In this dataset, our target variable is data['income'] which is categorical. It would be interesting to see the frequencies of each class, relative to the target of our classifier. To do this, we can use the countplot function from the Python visualization package Seaborn to count the occurrences of each data point. Let's take a look at the counts of different categories in data['occupation'] and in data['education'] — two likely predictors of income in the Census data:

The [Countplot](https://seaborn.pydata.org/generated/seaborn.countplot.html) function accepts either an x or a y argument to specify if this is a bar plot or a column plot. We chose to use the y argument so that the labels would be readable. The hue argument specifies a column for comparison; in this case we're concerned with the relationship of our categorical variables to the target income. Go ahead and explore other variables in the dataset, for example data.race and data.sex to see if those values are predictive of the level of income or not!

In [None]:
ax = sns.countplot(y='occupation', hue='income', data=data,)


In [None]:
ax = sns.countplot(y='education', hue='income', data=data,)

#### Making a Boxplot:


Next, you can start using some more advanced visual analysis tools to explore multiple features simultaneously to see if they are related to each other. For example, it would be useful to know if years of education correlates equally well with income for people of all races.
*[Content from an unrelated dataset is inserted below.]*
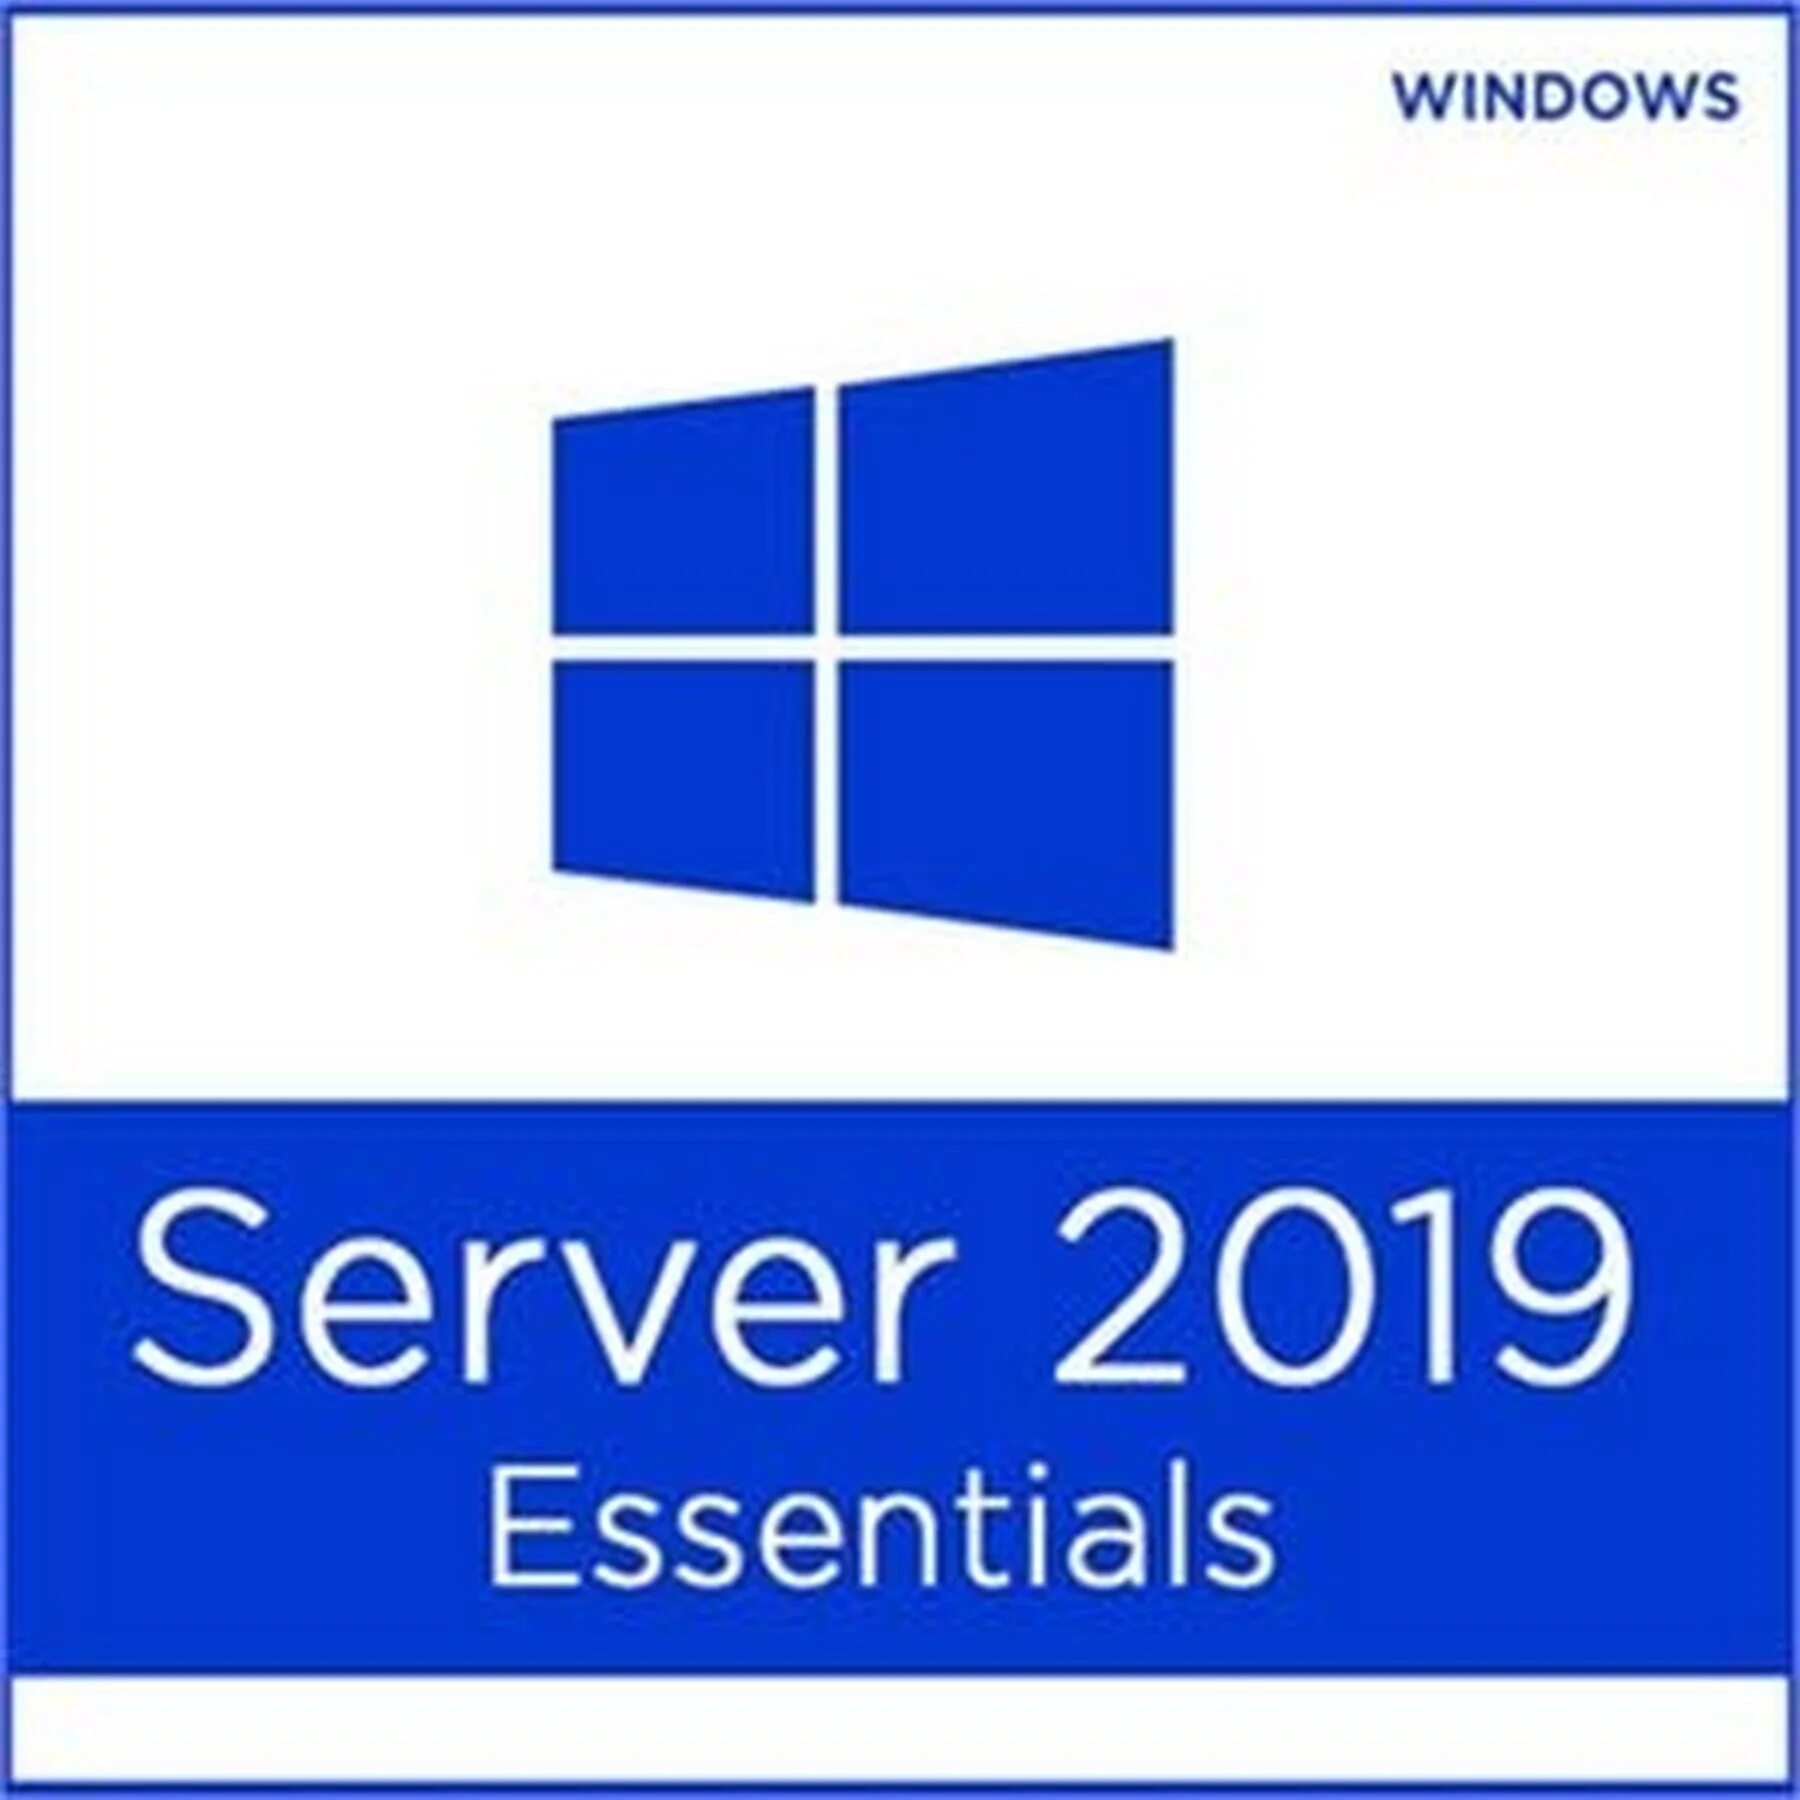 Server Essentials 2019. Microsoft Windows Server 2019 Standard. Windows Server 2019 Essentials. Windows Server 2019 Box.

When we use a faceted boxplot graph to disaggregate by race, we can see that more years of education does not result in the same gains in income for Asian Americans/Pacific Islanders and Native Americans compared with Caucasians:

In [None]:
g = sns.FacetGrid(data, col='race', height=4, aspect=.5)
g = g.map(sns.boxplot, 'income', 'education-num')

Or let's say we wanted to see how years of education correlates with income for men and for women:


In [None]:
g = sns.FacetGrid(data, col='sex', height=4, aspect=.5)
g = g.map(sns.boxplot, 'income', 'education-num')


The plot above shows us that more education also does not result in the same gains in income for women compared with men.

Since age seems like a likely predictor of income level, it would be useful to know if age is equally predictive for all people. We can use small multiple plots to see how age correlates with income, disaggregated by race:


In [None]:
g = sns.FacetGrid(data, col='race', height=4, aspect=.5)
g = g.map(sns.boxplot, 'income', 'age')

#### Making a Violin Plot: 

[Violinplots](https://stanford.edu/~mwaskom/software/seaborn/generated/seaborn.violinplot.html?highlight=violinplots) are often a useful alternative to box-and-whisker plots because they can integrate the information from a traditional boxplot with a kernel density estimate. For example, the two plots below enable us to see the distribution of years of education, hours worked per week, and age for men and women with annual incomes both above and below $50,000

In [None]:
sns.violinplot(x='sex', y='education-num', hue='income', data=data, split=True, scale='count')

In [None]:
sns.violinplot(x='sex', y='hours-per-week', hue='income', data=data, split=True, scale='count')


In [None]:
sns.violinplot(x='sex', y='age', hue='income', data=data, split=True, scale='count')

#### Making a Catplot:

[Catplot]() gives us an easy method to explore some of the categorical data as well. Catplots allow us to look at a parameter's distribution defined by another parameter.



In [None]:
g = sns.catplot(x="age", y="income", hue="race",
                data=data, kind="violin")

In [None]:
g = sns.catplot(x="age", y="income", hue="sex",
                data=data, kind="violin")

In [None]:
g = sns.catplot("income", hue="race",
                 col="sex", data=data, kind = 'count')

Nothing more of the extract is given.